We used recently published data from genome-wide association studies of AD to explore for significant findings overlapping the results of the present study (17). Although there was no perfect proxy (i.e. a marker in perfect LD) for our primary candidate variant (rs3183702), there were several markers in fairly strong LD with rs3183702 that did show association with AD risk in those studies. Importantly, the effect sizes were similar to our results and the direction of allele effects were equivalent, with common alleles of associated markers appearing to increase risk in both studies. Using imputation in our dataset and conducting meta-analysis together with the other GWAS data sets including over 6000 cases and 10 000 controls, the combined evidence of association is quite strong (P ∼ 10−9).

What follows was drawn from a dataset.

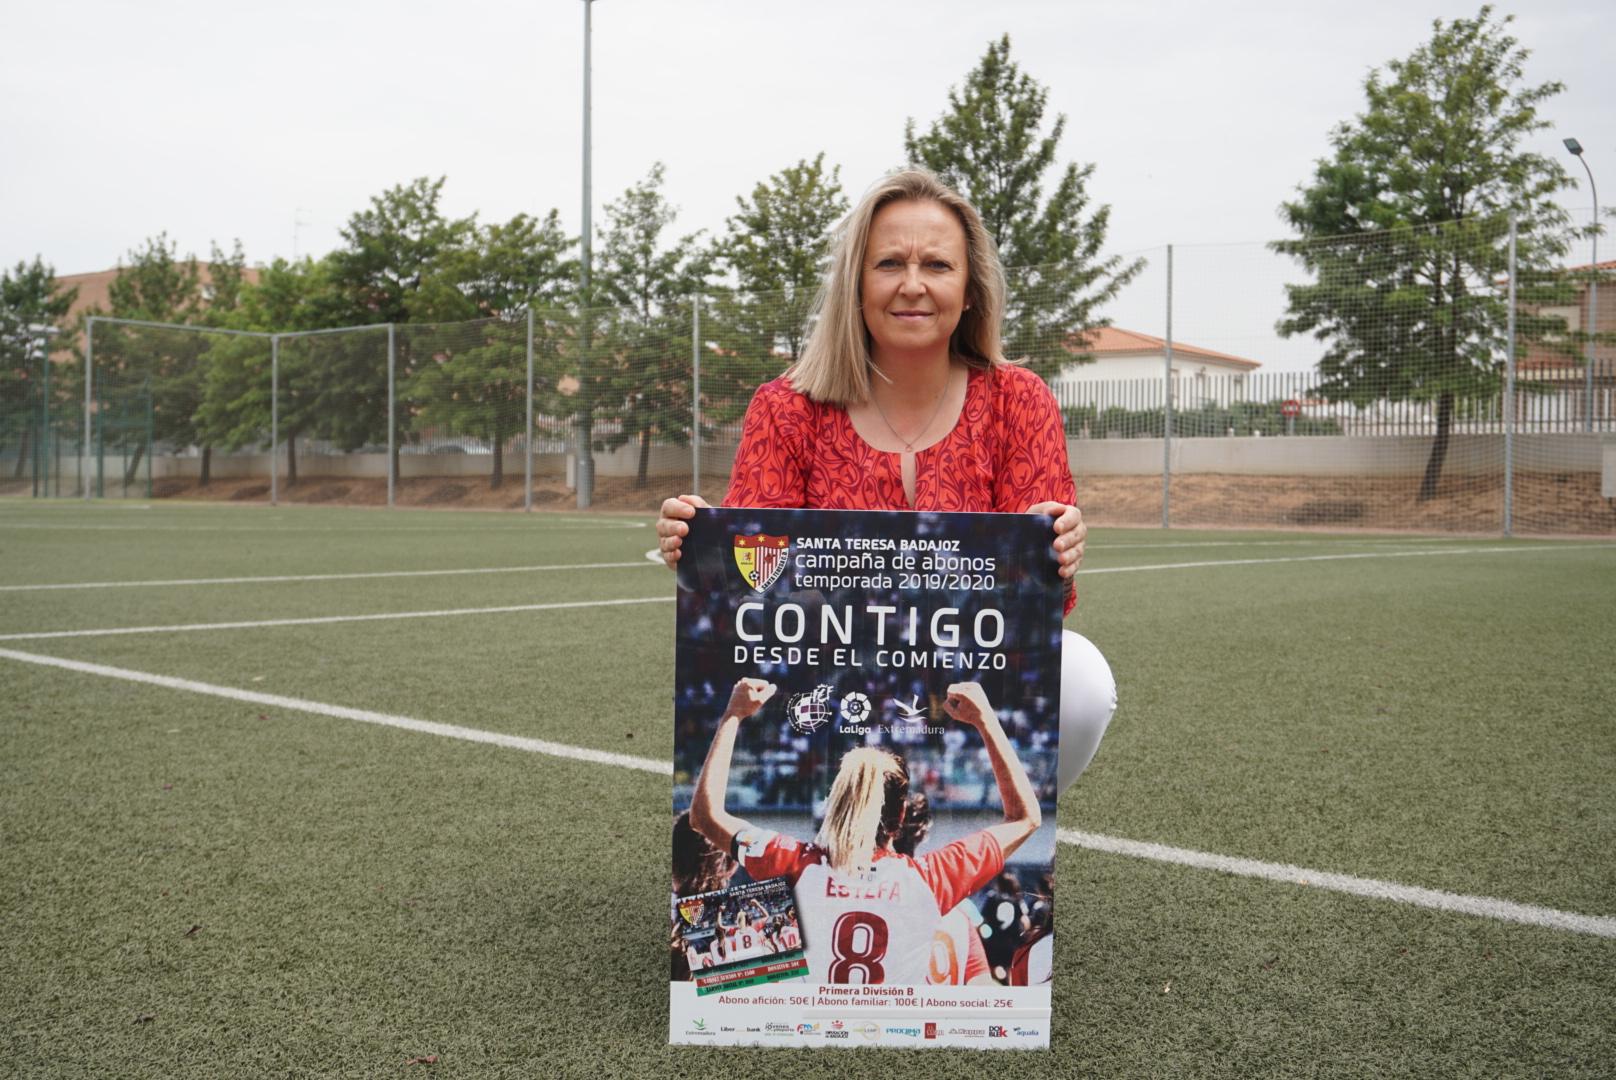 El Santa Teresa Badajoz presenta su campaña 2019/2020

We have highlighted two possible candidates in the 17p LD block. The first is ATPAF2, which encodes a protein involved in mitochondrial function. Specifically, the protein is an assembly factor for the F1 subunit of the mitochondrial ATP synthase, and is important in preventing the formation of homo-oligomers. Although numerous association studies have been performed, to date there are no strong genetic candidates suggesting that mitochondrial genetics plays a role in dementia. Nonetheless, defects in mitochondrial function remain a central theme in the biological pathway descriptions of dementia (e.g. http://www.genome.jp/kegg/pathway/hsa/hsa05010.html). There is relatively limited literature on ATPAF2, with only 11 published articles refer to it, and little more is known about its biology. The second potential candidate is TOM1L2, which encodes a protein putatively involved in intracellular protein transport and has a proportionately higher level of connectivity with known AD genes than other genes in the 17p LD block. Like ATPAF2, relatively little is known about TOM1L2 other than that it may to be important for the intracellular recruitment of clathrin onto endosomes (34). Thus, although we remain cautious about which gene in the region is the true culprit, the present results suggest that more attention to ATPAF2 and TOM1L2 may be warranted for future replication studies.

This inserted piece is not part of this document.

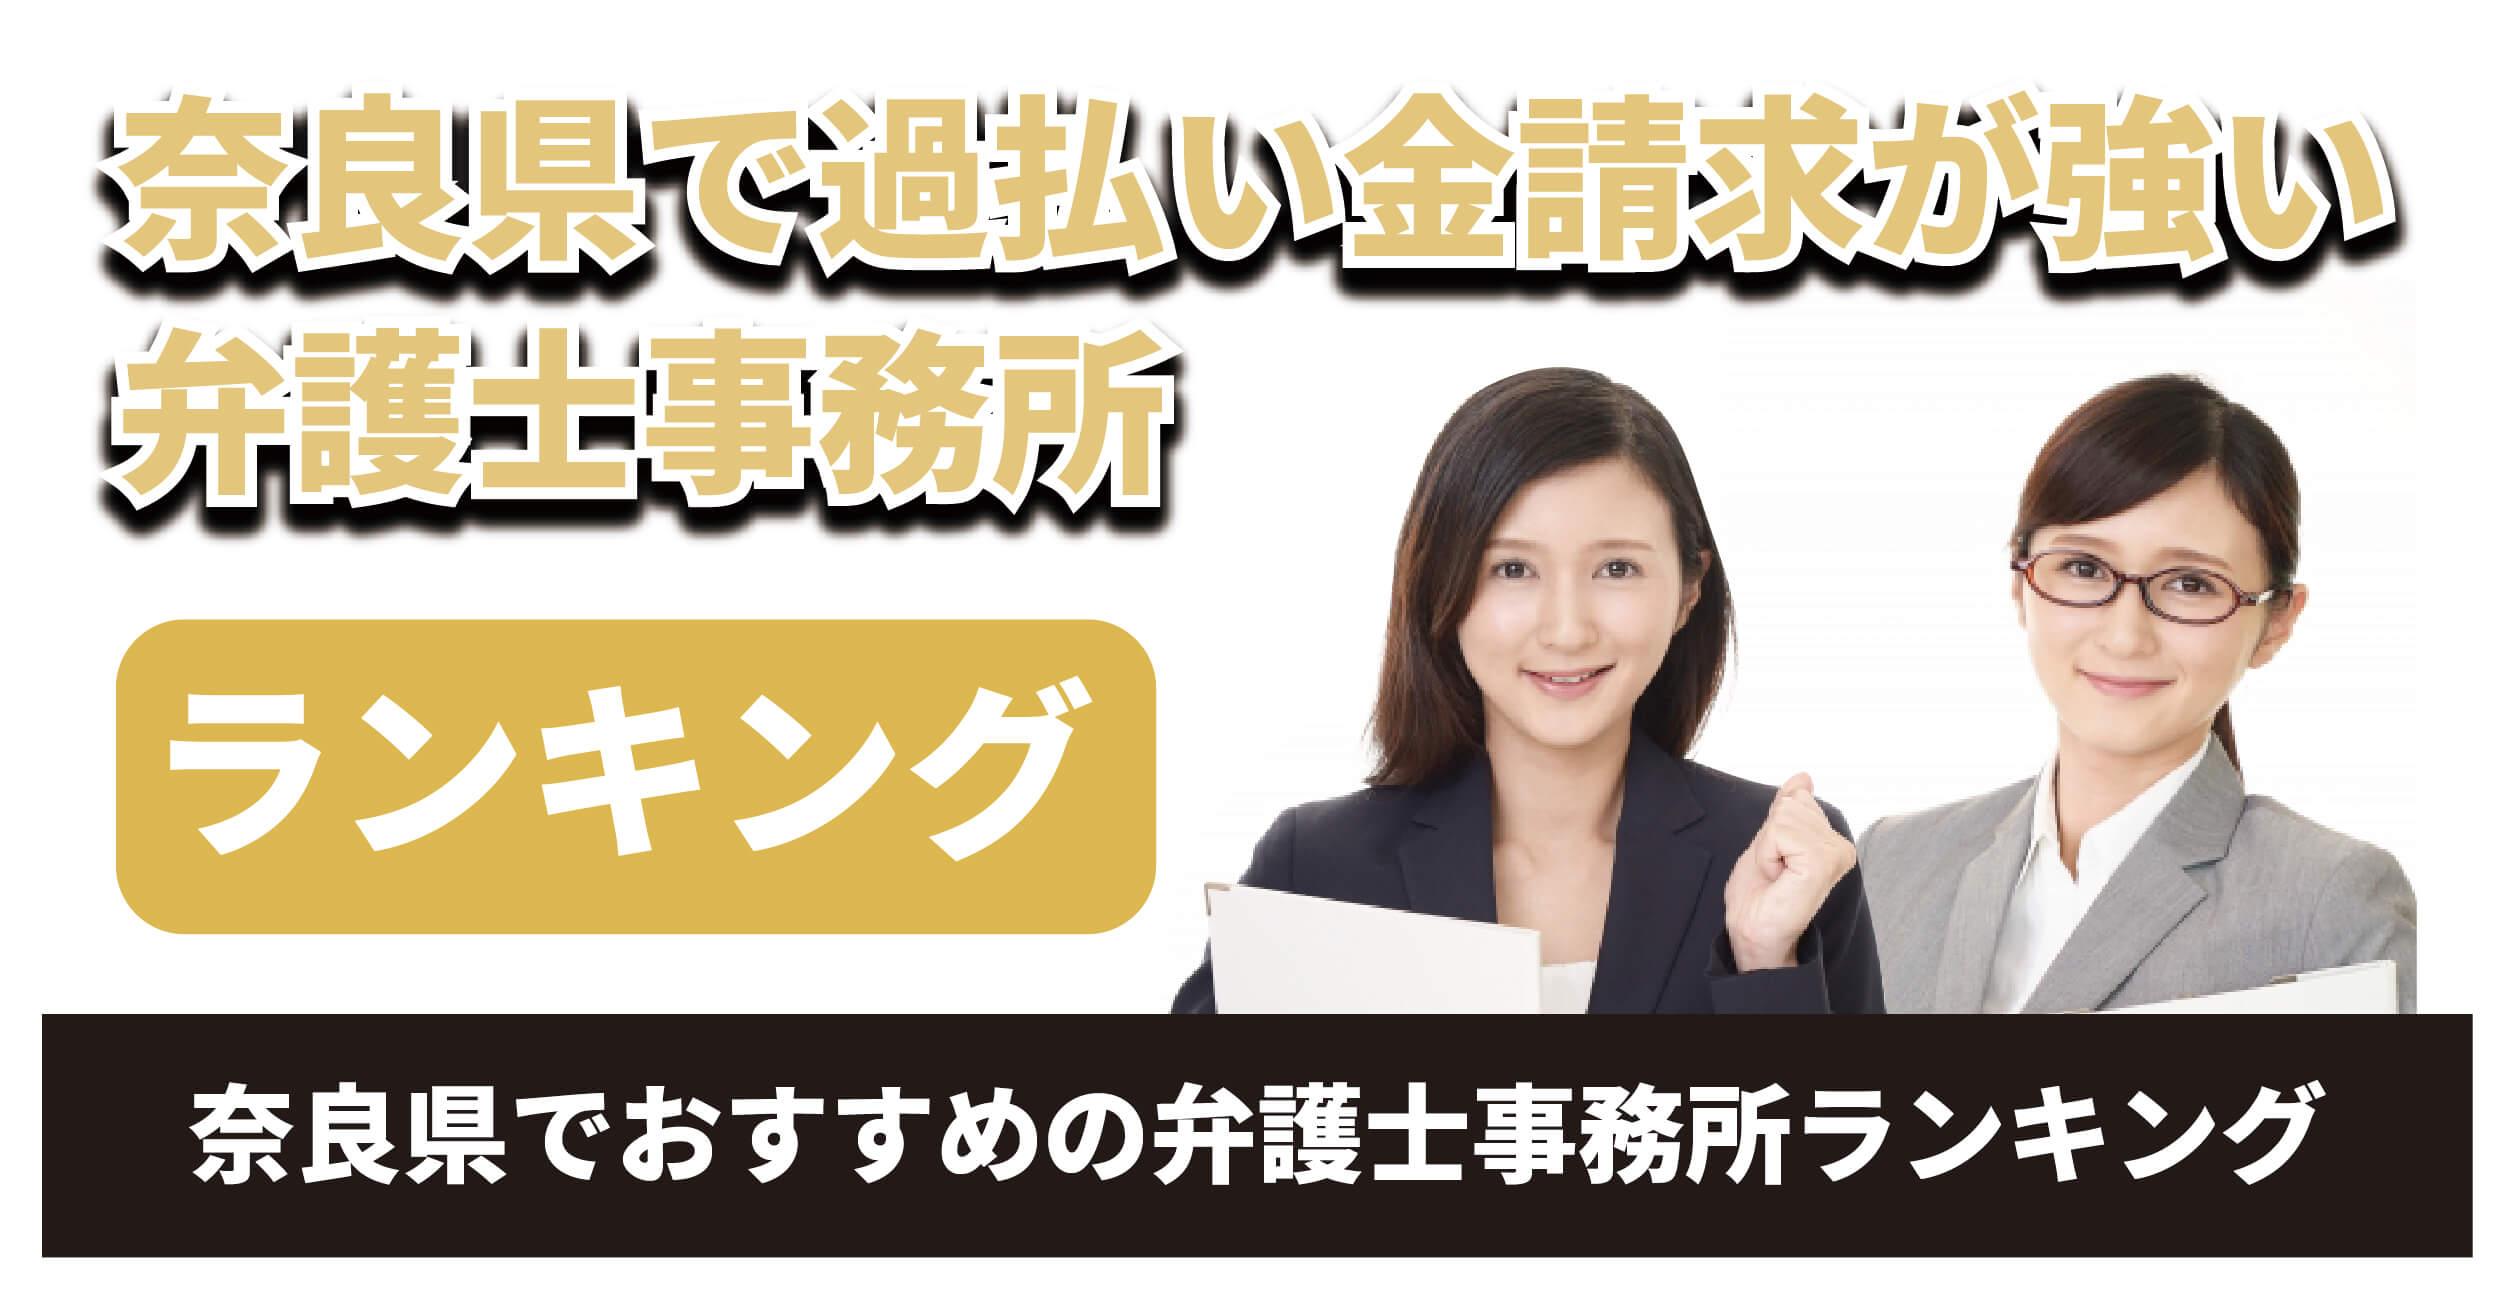 奈良県で過払い金請求が強い弁護士は?

There was a tendency towards an enrichment of significant signals across all markers tested in this study. We noted significant findings at an uncorrected P < 0.05 for 53 markers, which exceeds the number expected by chance. However, when we considered LD as well as numbers of markers per gene, any significant enrichment of signals disappears. Thus, although the primary goal of the project was to identify new candidates, which we consider successful, there is no strong evidence that lipid genes in general contain polymorphism that impacts AD to an extent that exceeds any other pathway. This lack of lipid pathway enrichment is also suggested in that the best candidate from the SREBF1 region may not be a lipid related gene, but instead a gene related to a distinct biological process.
In summary, we have identified a potential association of sequence variation in the vicinity of SREBF1 on chromosome 17p with dementia and AD. This represents the third strongest association signal that we detect in these particular samples (after APOE and ABCA1) and the result is supported by findings in recent genome-wide association studies. Further replication studies in alternative populations are warranted, as are functional studies and a continued application of bioinformatics to refine the more precise location of the association signal.
MATERIALS AND METHODS
Human samples
The present study drew participants from four aging twin studies stemming from the population-based Swedish Twin Registry (35), and an independent non-twin case–control Swedish AD sample (36). Across the samples, DNA was available for 1567 dementia cases and 2203 controls (1275 with possible or probable AD diagnoses). Among dementia cases, 1233 were unrelated. There were 990 men and 1213 women in the control group, and 598 men and 969 women in the dementia group. Average age-at-sampling across cases and controls was 77.7 ± 8.7 (SD) years and age-at-onset for dementia/AD cases was 75.3 ± 8.3 (SD) years. The twin and case–control samples were described in detail recently (36). In brief, the twin samples are from the Swedish Adoption/Twin Study of Aging (SATSA) (37), the Origins of Variance in the Oldest-Old (OCTO-Twin) (38), Sex Differences in Health and Aging Study (GENDER) (39) and the Study of Dementia in Swedish Twins (HARMONY) (40). The case–control sample was comprised of unrelated individuals recruited from three prospective longitudinal studies of patients with dementia from Mölndal, Piteå, and Malmö, Sweden. This total sample affords 80% power for the detection of a genetic effect size of approximately 1.2 (OR) at an alpha of 0.05 and given a risk allele frequency of 0.25.
An additional population was included to establish LD characteristics of markers around SREBF1/TOM1L2/ATPAF2 in Swedes in order to facilitate comparisons with other genome-wide association data (17). This consisted of 3013 men from the CAPS (Cancer Prostate in Sweden) study with genome-wide SNP data that were also fully imputed based upon HapMap release 22 marker data (25).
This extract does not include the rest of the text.